Pada Gambar 2, luas daun menunjukkan berbeda sangat nyata antar varietas, varietas Anjasmoro
memiliki luasan daun yang lebih luas jika dibandingkan dengan varietas Ijen. Hal ini diduga
karena faktor genetis. Salah satu faktor genetik atau keturunan tanaman yang berpengaruh adalah
ukuran benih. Ukuran benih berpengaruh terhadap pertumbuhan tanaman (Sadjad, 1993).
Perlakuan tingkat cekaman kekeringan yang diberikan berbeda tidak nyata terhadap luas daun.
Hal ini berkenanaan dengan waktu pemberian cekaman pada tanaman tersebut. Diduga karena
pemberian perlakuan cekaman kekeringan pada saat itu sudah mulai memasuki masa generatif
sehingga pertumbuhan vegetatif tanaman hampir mencapai maksimal.

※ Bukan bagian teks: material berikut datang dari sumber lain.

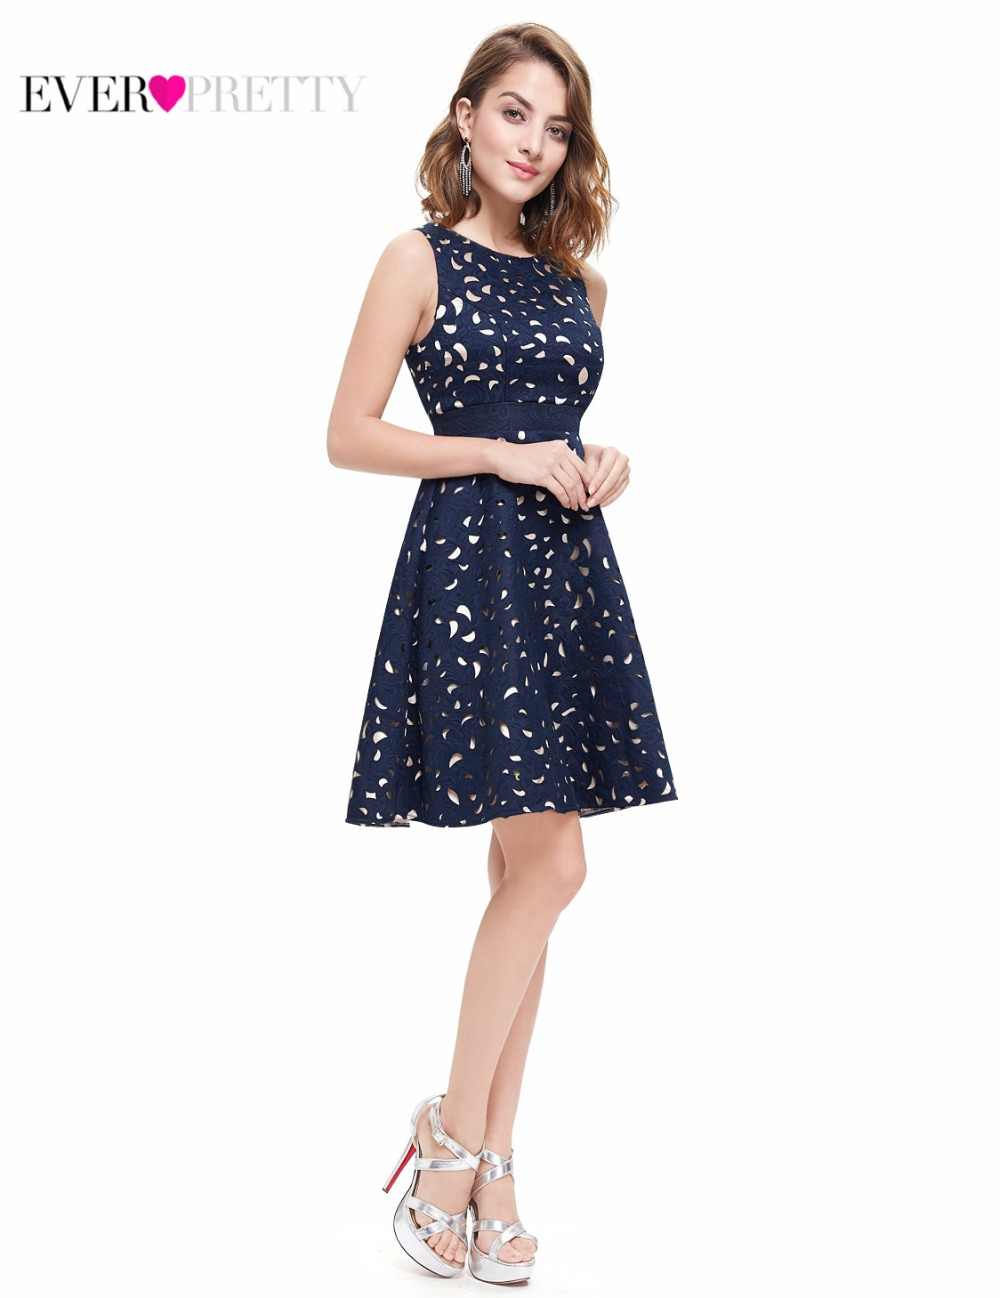 feecc31c495 ...  Распродажа  постоянно довольно элегантные коктейльные платья EP05432  контраст Цвет трапециевидной формы без рукавов с ...

Keberadaan air akan mendorong sel-sel akar lebih cepat membelah diri untuk dapat menyerap air
dan unsur hara yang ada dalam media. Rendahnya kadar air tanah akan menurunkan
perpanjangan akar, kedalaman penetrasi dan diameter akar. Adanya penghambatan pembentukan
auksin pada tanaman yang menderita cekaman air. Kegiatan tersebut diikuti oleh penurunan
transport auksin ke kambium (Nahum et al, 2006).
4. Berat Kering Brangkasan (g)
Berdasarkan Tabel 1 tersebut, interaksi faktor varietas dan tingkat cekaman kekeringan memberi
pengaruh tidak nyata terhadap berat kering brangkasan. Pada berat kering brangkasan faktor yang
berpengaruh adalah tingkat cekaman kekeringan.

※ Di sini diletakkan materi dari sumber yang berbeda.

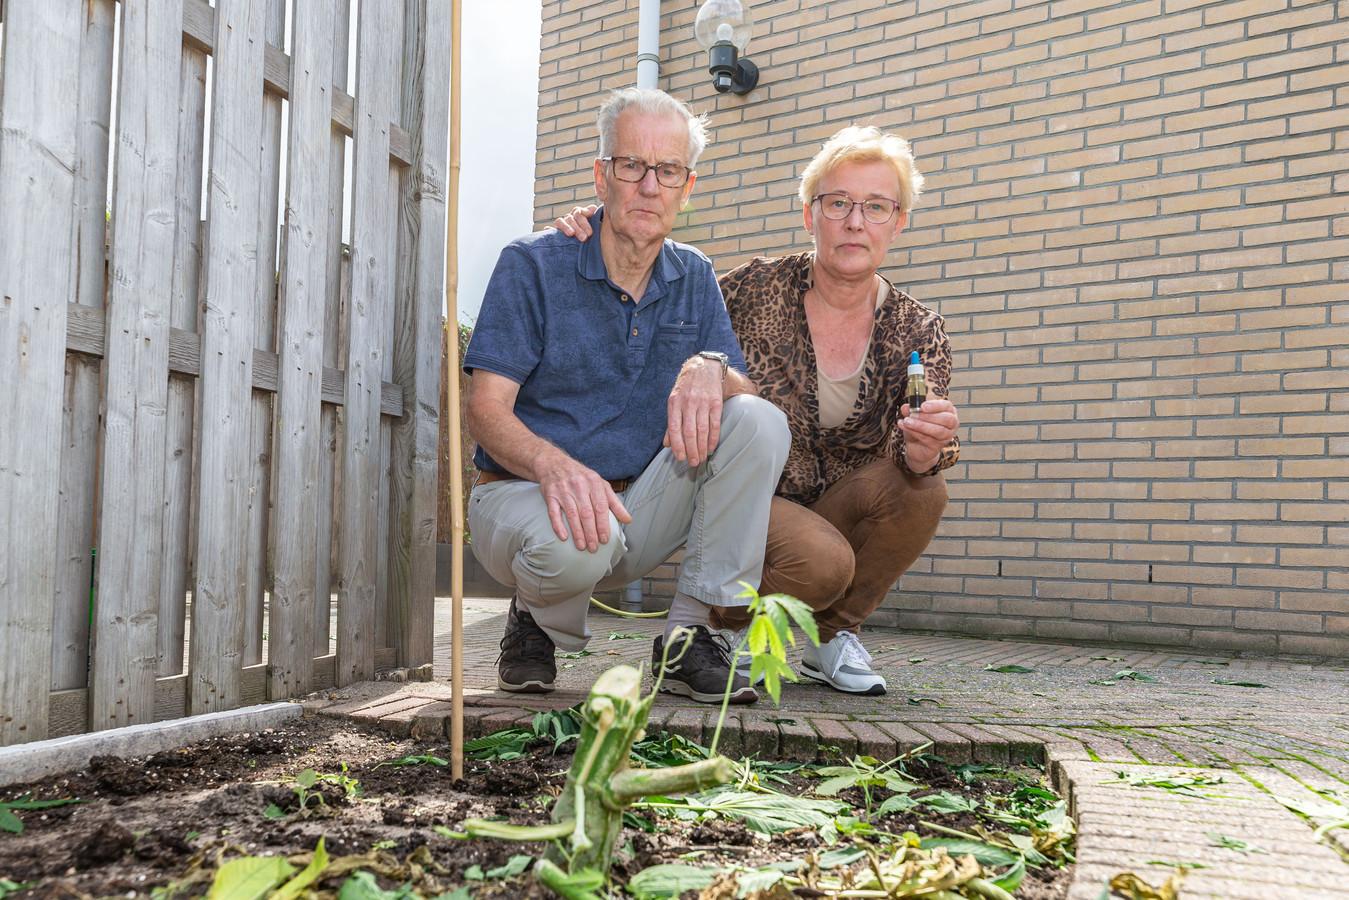 Jan en Jannie van Raalte zonder wietplanten in hun tuin, de politie haalde de planten weg terwijl het echtpaar niet thuis was.

Berat kering tanaman mencerminkan status nutrisi tanaman yang diikuti oleh peningkatan berat
kering brangkasan (Prawiranata et al, 1981). Perlakuan tingkat cekaman kekeringan semakin
rendah menyebabkan penurunan biomasa yang diproduksi sehingga berat kering brangkasan
semakin rendah. Kekurangan air menurunkan perkembangan vegetatif dan hasil tanaman melalui
penurunan pengembangan daun sehingga menurunkan fotosintesis tajuk.
Kekurangan air yang terjadi pada periode pembungaan akan mengakibatkan banyak bunga dan
polong gugur serta biji yang dihasilkan lebih kecil (Hapsoh, 2003). Tanaman yang mengalami
cekaman kekeringan akan menghasilkan benih yang tidak berkualitas baik, seperti ukurannya
kecil, tidak mulus dan cacat. Hal ini kaitannya dalam fotosintesis, tanaman yang mengalami
cekaman air stomatanya akan menutup lebih awal untuk mengurangi hilangnya air. Penutupan
stomata akan mengganggu masuknya CO2, sehingga laju fotosintesis berkurang.

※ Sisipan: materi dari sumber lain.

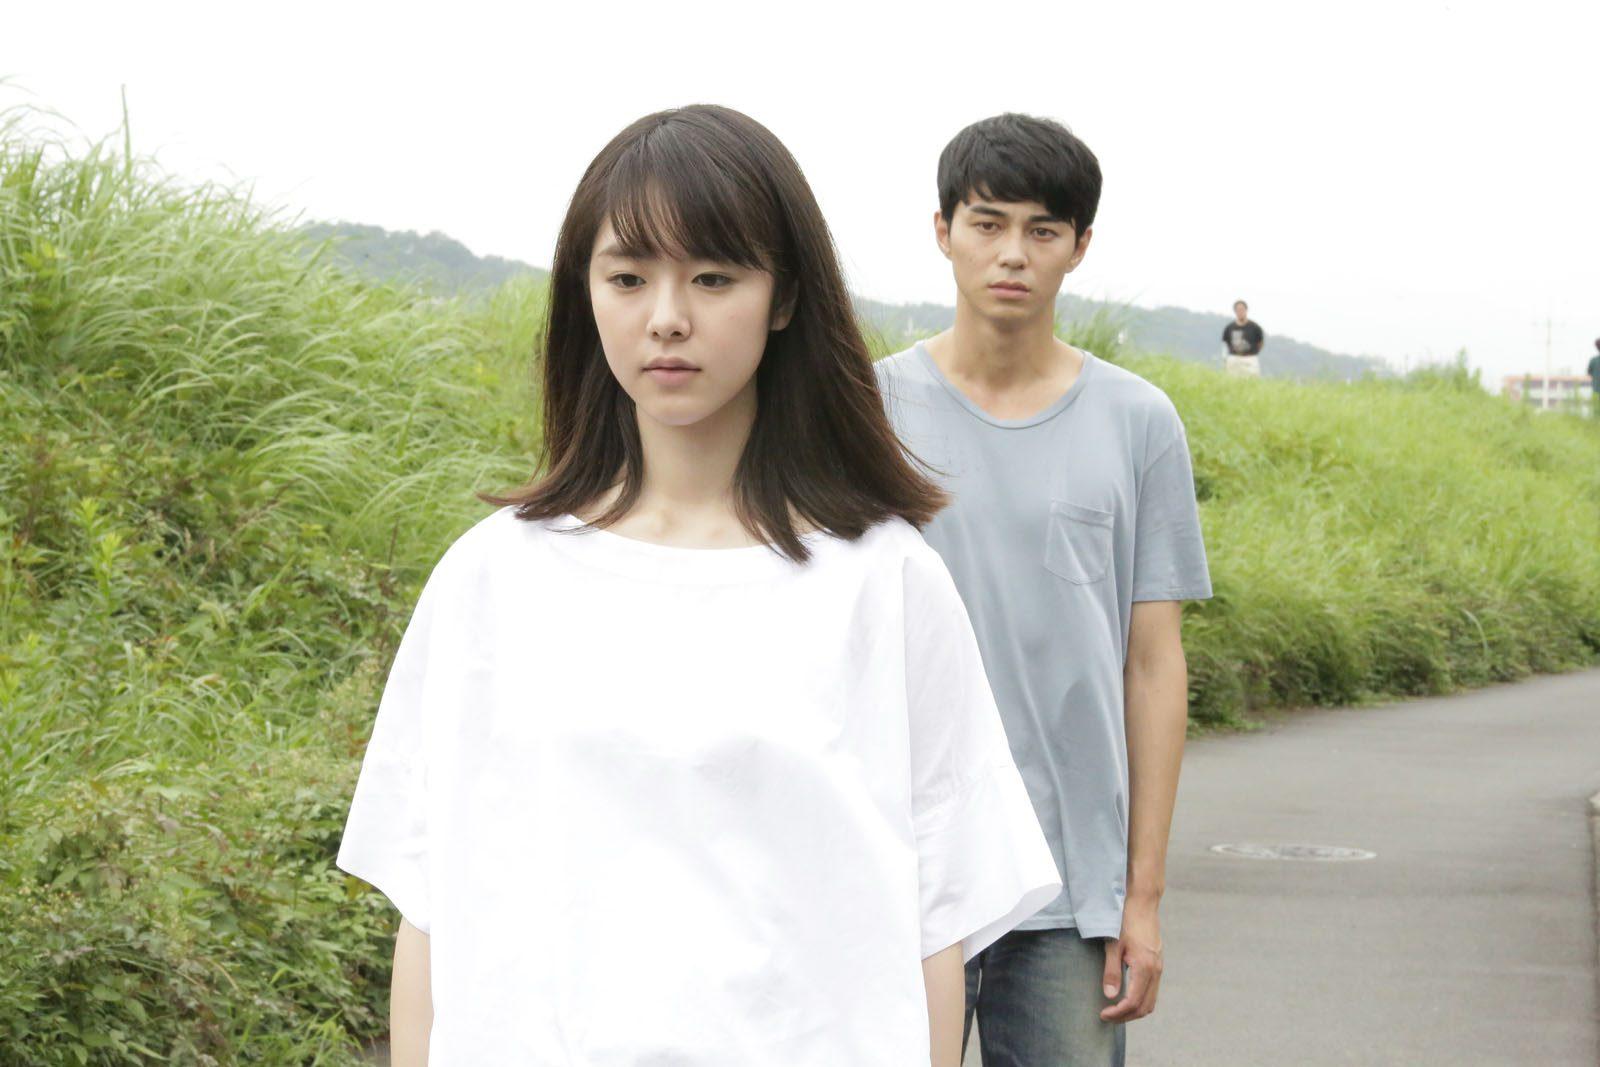 """Ryusuke Hamaguchi (Asako 1 et 2) : """"Il est nécessaire de dépeindre la société du point de vue des femmes"""""""

Adanya perbedaan hasil dari kedua varietas tersebut terhadap parameter hasil di atas, diduga
disebabkan oleh adanya perbedaan sifat atau keunggulan dari masing-masing varietas. Menurut
Sutedjo dan Kartasapoetra dalam Hapsari (2010) sifat 100 biji merupakan sifat yang lebih banyak
dipengaruhi oleh gen-gen yang sederhana (gen mayor) sehingga cenderung memiliki kemampuan
beradaptasi pada lingkungan tumbuh tanaman dan memiliki nilai keragaman genetik yang tinggi.
Berdasarkan Tabel 1, interaksi faktor varietas dan tingkat cekaman kekeringan memberi pengaruh
berbeda tidak nyata terhadap indeks panen benih per tanaman. Pada indeks panen benih per
tanaman yang berpengaruh adalah faktor tingkat cekaman kekeringan. Cekaman kekeringan pada
setiap stadia pertumbuhan tanaman kedelai dapat menurunkan hasil biji, tetapi pada stadia
pembentukan polong dan pengisian polong merupakan stadia yang kritis terhadap cekaman
kekeringan.
Tanaman yang mengalami cekaman kekeringan akan menghasilkan benih yang tidak berkualitas
baik. Selama terjadi cekaman kekeringan terjadi penurunan laju fotosintesis yang disebabkan oleh
penutupan stomata dan terjadinya penurunan transport elektron dan kapasitas fosforilasi didalam
kloroplas daun (Yasemin, 2005). Dengan adanya ketersediaan air, maka penyerapan air menjadi
baik sehingga meningkatkan laju fotosintesis.